Since only part of the material below is wanted, output exactly the lines from the one with "funny gaming memes" up to and including the one with "Gas Logo - GAS Jeans – Logos Download".

# Dataset

──────────

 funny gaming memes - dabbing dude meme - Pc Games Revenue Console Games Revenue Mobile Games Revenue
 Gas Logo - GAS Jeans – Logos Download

──────────

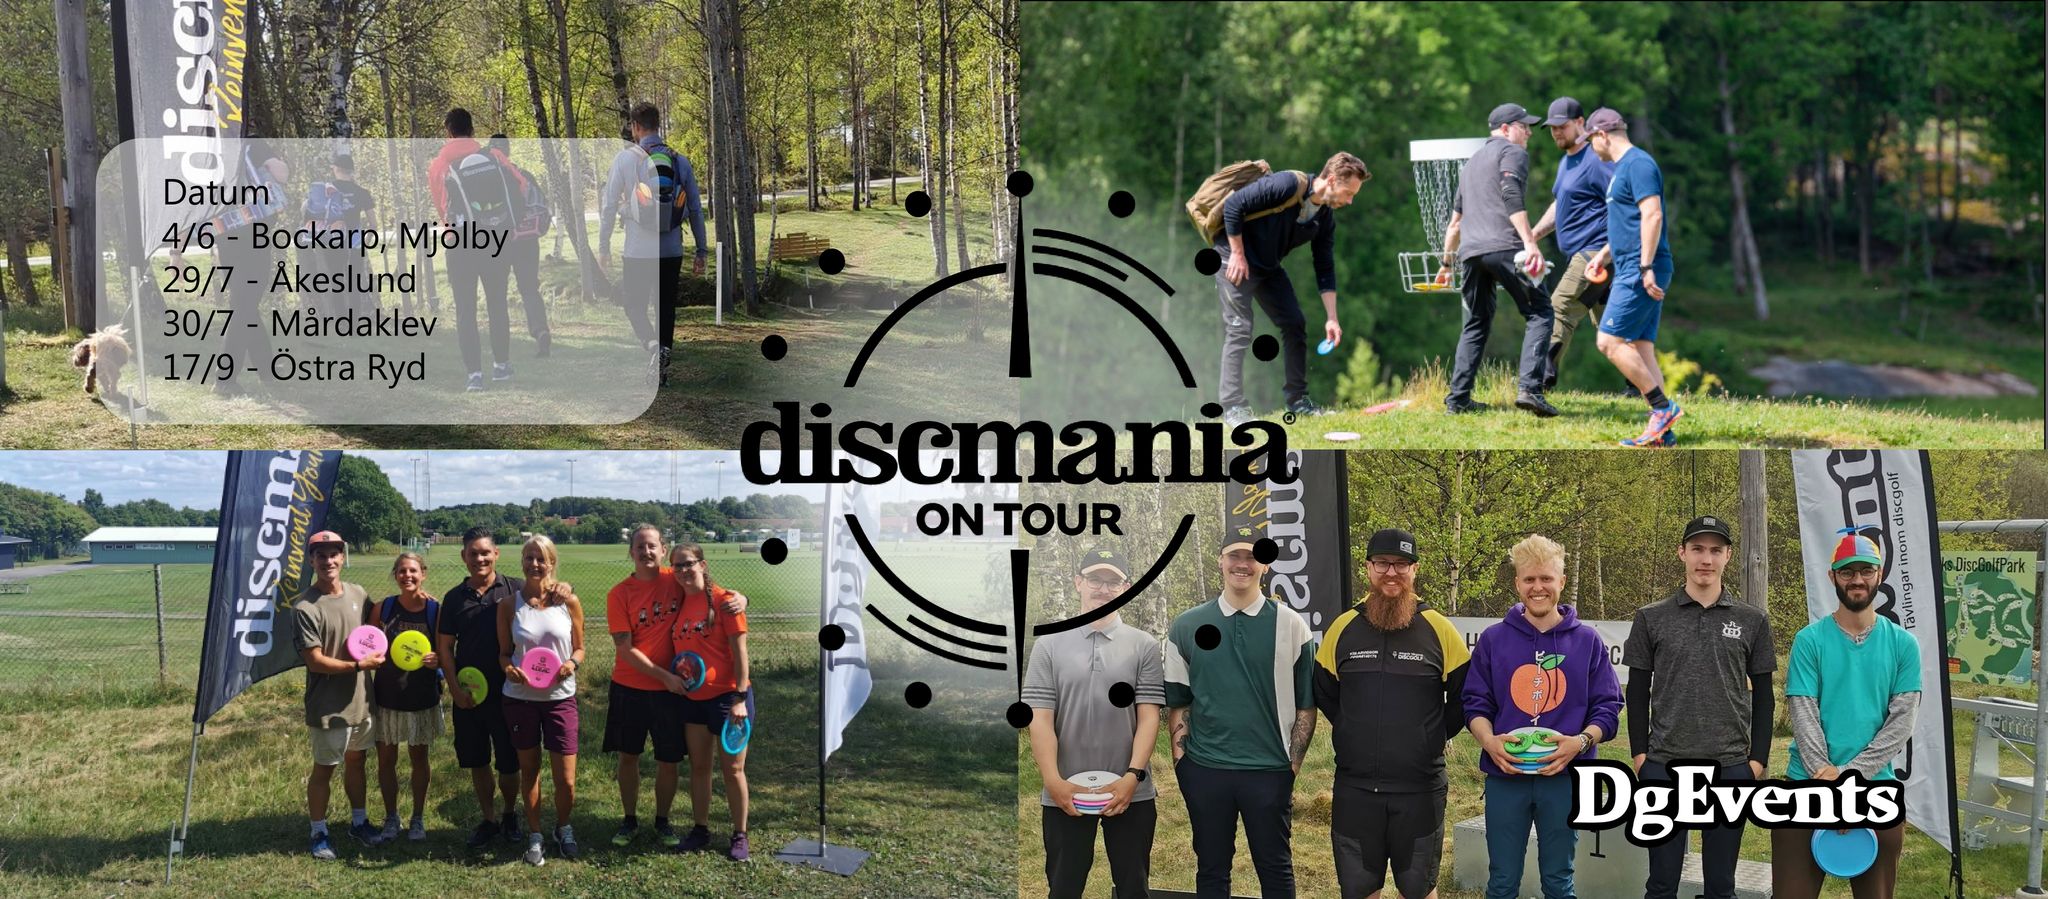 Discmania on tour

──────────

# Answer section
 funny gaming memes - dabbing dude meme - Pc Games Revenue Console Games Revenue Mobile Games Revenue
 Gas Logo - GAS Jeans – Logos Download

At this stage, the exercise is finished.